That suggests that we can’t do much better, if we’re going for small sets, than what we’ve done already. (Well, we could make $G$ act on the centre of the cube, but that’s a trivial action, so uninteresting.) But let’s remember the second idea we had, which was to observe that certain relationships between points are preserved by the transformations in $G$. In the case of the previous action, we noted that opposite points go to opposite points, which led us to split them up into three pairs.

We can do exactly the same with a different set of segments, this time the four segments that join a vertex of the cube to the opposite vertex. It’s clear that $G$ acts on these four main diagonals, so what does that tell us about $G$?

Let’s think first of all about whether the action is faithful. Is there any symmetry of the cube that is not the identity but that nevertheless preserves all four diagonals? Yes there is: the function that takes each point to the opposite point, which is sometimes called reflection through the centre. (If your cube is sitting in $\mathbb{R}^3$ with its centre at the origin, then the symmetry is the map that takes each vector $x$ to $-x$.) A bit of further thought reveals that this is the only map, apart from the identity, that preserves the four diagonals. To see why, note that each vertex must go either to itself or to the opposite vertex. Since neighbouring vertices must also go to neighbouring vertices, once you’ve decided where one vertex goes, you’ve decided where all its neighbours go, and all their neighbours, and all their neighbours — which has ended up including all vertices.

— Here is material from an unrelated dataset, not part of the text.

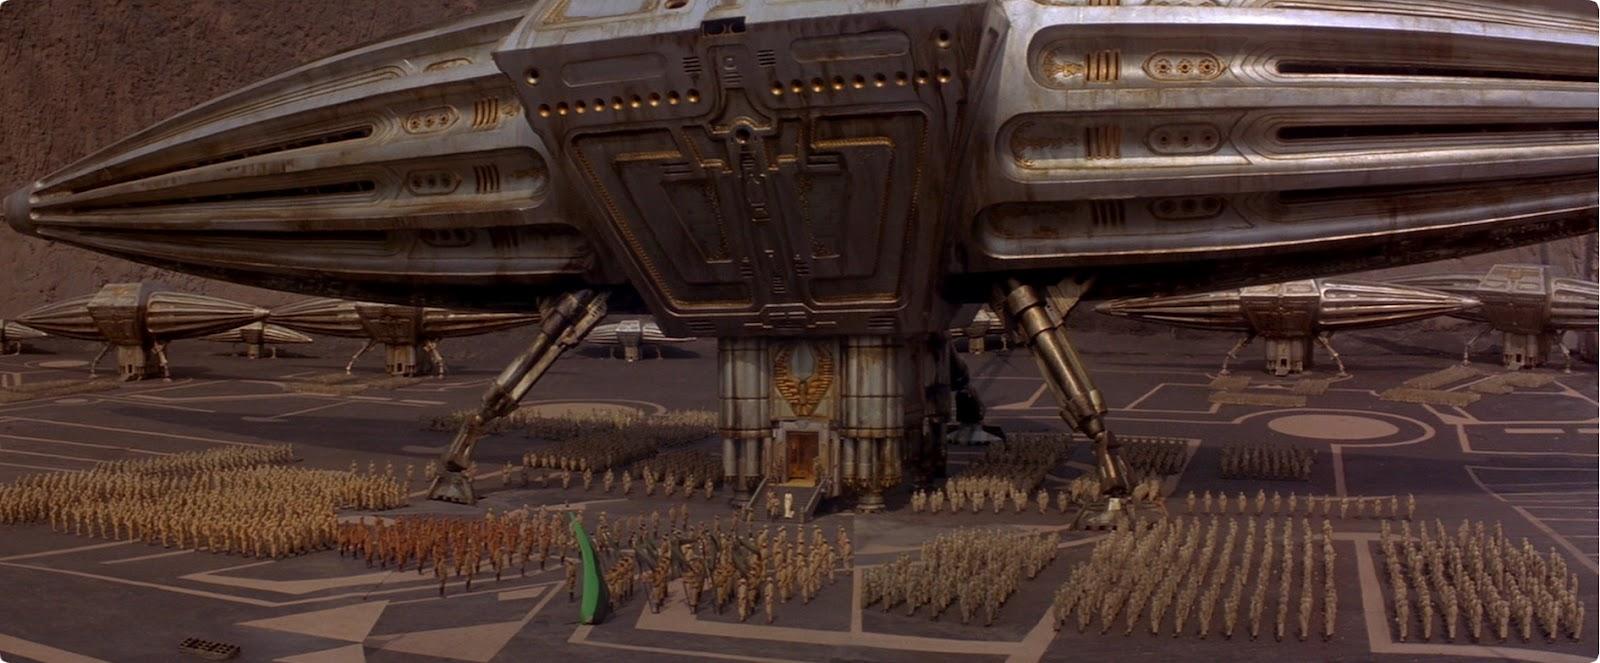 dune movie spaceship david lynch 1984

So the kernel of the action of $G$ on the four diagonals is the cyclic group $C_2$. What about its image? That is, which permutations of the four diagonals can arise if you perform a symmetry of the cube?

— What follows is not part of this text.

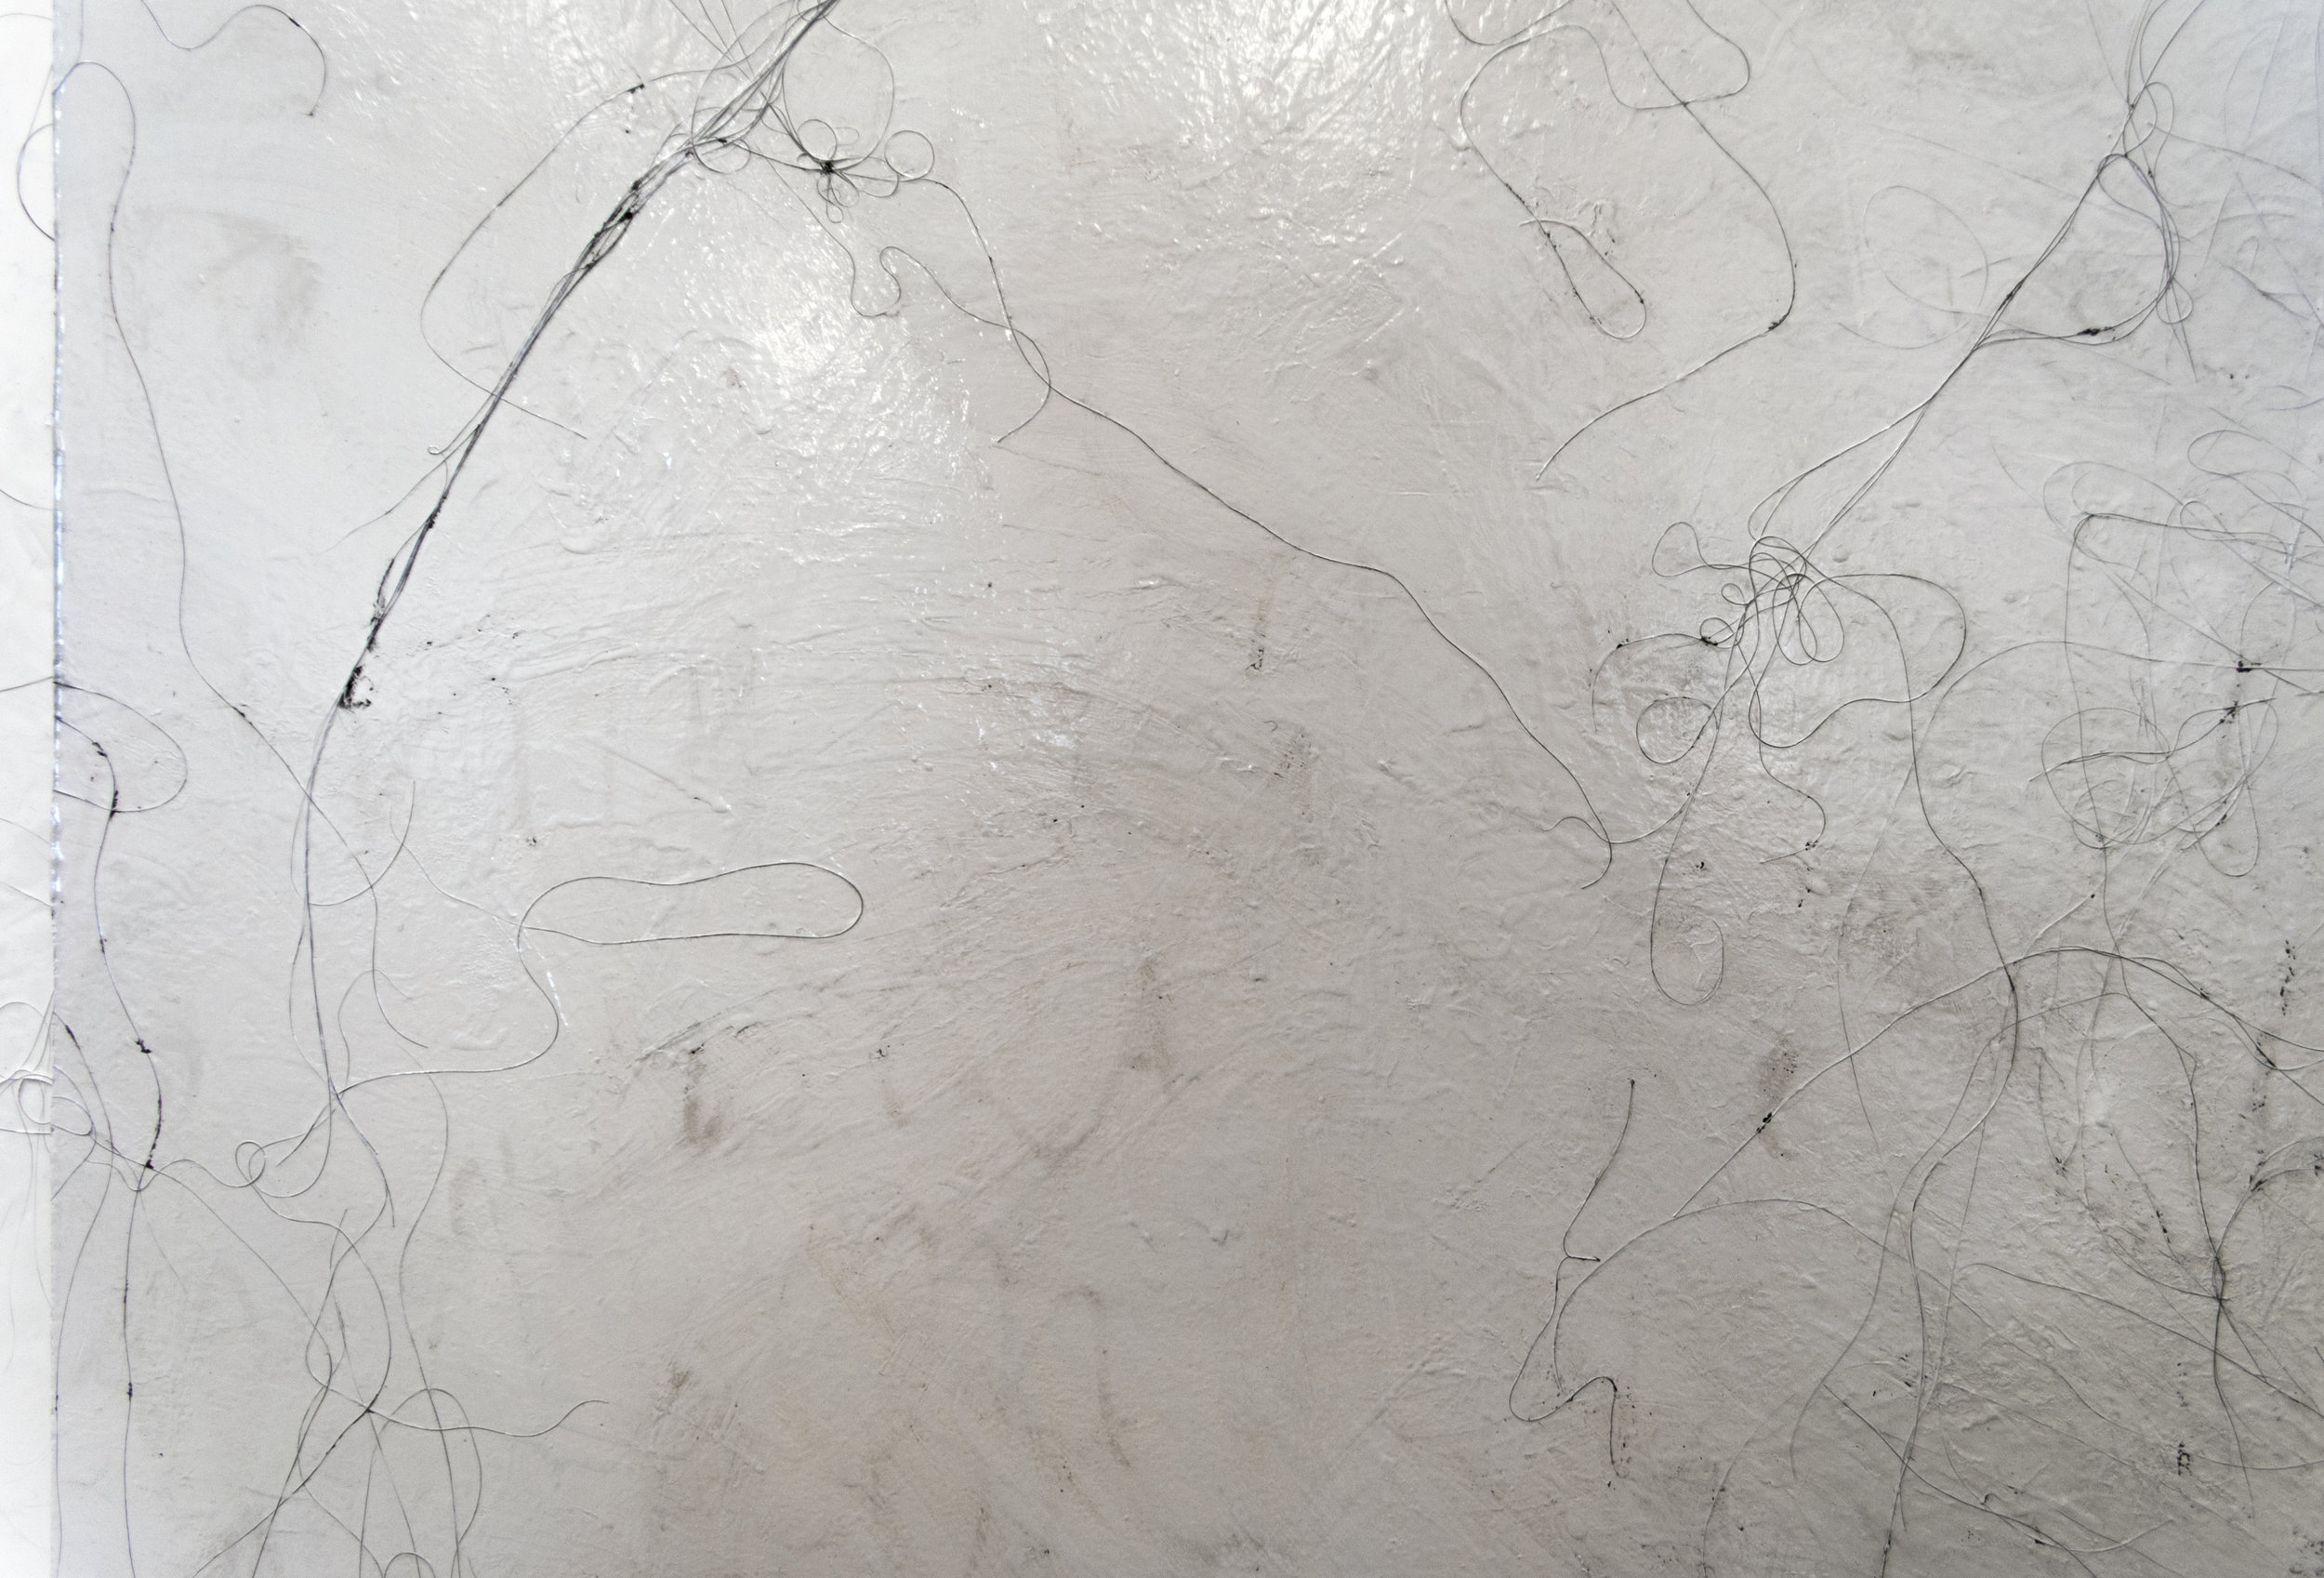 2018 48x48 whiteboard hair ink DETAIL.jpg

A preliminary question we might ask ourselves is whether there are any restrictions at all. The way I like to approach a question like this is to ask myself whether there are any relationships that sometimes hold and sometimes don’t. That’s a bit of a vague statement (deliberately, because the idea works quite generally), but we get a good example of it if we go back to the set of eight vertices. Why can’t we permute them arbitrarily? Because some pairs of vertices are next to each other and others aren’t. Some pairs of vertices are opposite each other and others aren’t. These relationships are preserved by the symmetries of a cube, so we can’t, for instance, take two neighbouring vertices to two vertices that are not next to each other.

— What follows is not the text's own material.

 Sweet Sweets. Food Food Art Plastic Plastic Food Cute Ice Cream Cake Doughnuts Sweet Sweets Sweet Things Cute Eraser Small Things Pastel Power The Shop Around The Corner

This doesn’t seem to work with diagonals, since for every pair of diagonals you can find two opposite edges such that the two diagonals join their two end points (making, with the edges themselves, a kind of bow-tie shape). That doesn’t prove that we can get all permutations of the diagonals, but it starts to suggest it, so let’s look in the other direction.

If you want to show that you can get an arbitrary permutation, then a good way of doing it is to show that you can get all transpositions, since these generate the symmetric group. So we find ourselves asking this: given two main diagonals of the cube, is there a symmetry that exchanges those diagonals and sends the other two diagonals to themselves? You might like to draw a picture here, but let me try to explain in words why the answer is yes. You take the plane that contains the other two diagonals and reflect in it. That obviously keeps the other two diagonals where they were, and it must interchange the two diagonals you want to exchange, since otherwise the map would have to be the identity by the argument we used earlier to identify the kernel of the action of $G$ on the diagonals. (Alternatively, just check that this reflection really does swap the diagonals it’s supposed to swap.)

A reflection isn’t the only way of swapping just two diagonals. Indeed, it can’t be because the kernel of the action is non-trivial. Since we know what the kernel is, we know that minus the reflection we’ve just defined must also swap the two diagonals. A more geometrical way of thinking of it is as a half turn about an axis perpendicular to the plane that contains the two diagonals you want to send to themselves.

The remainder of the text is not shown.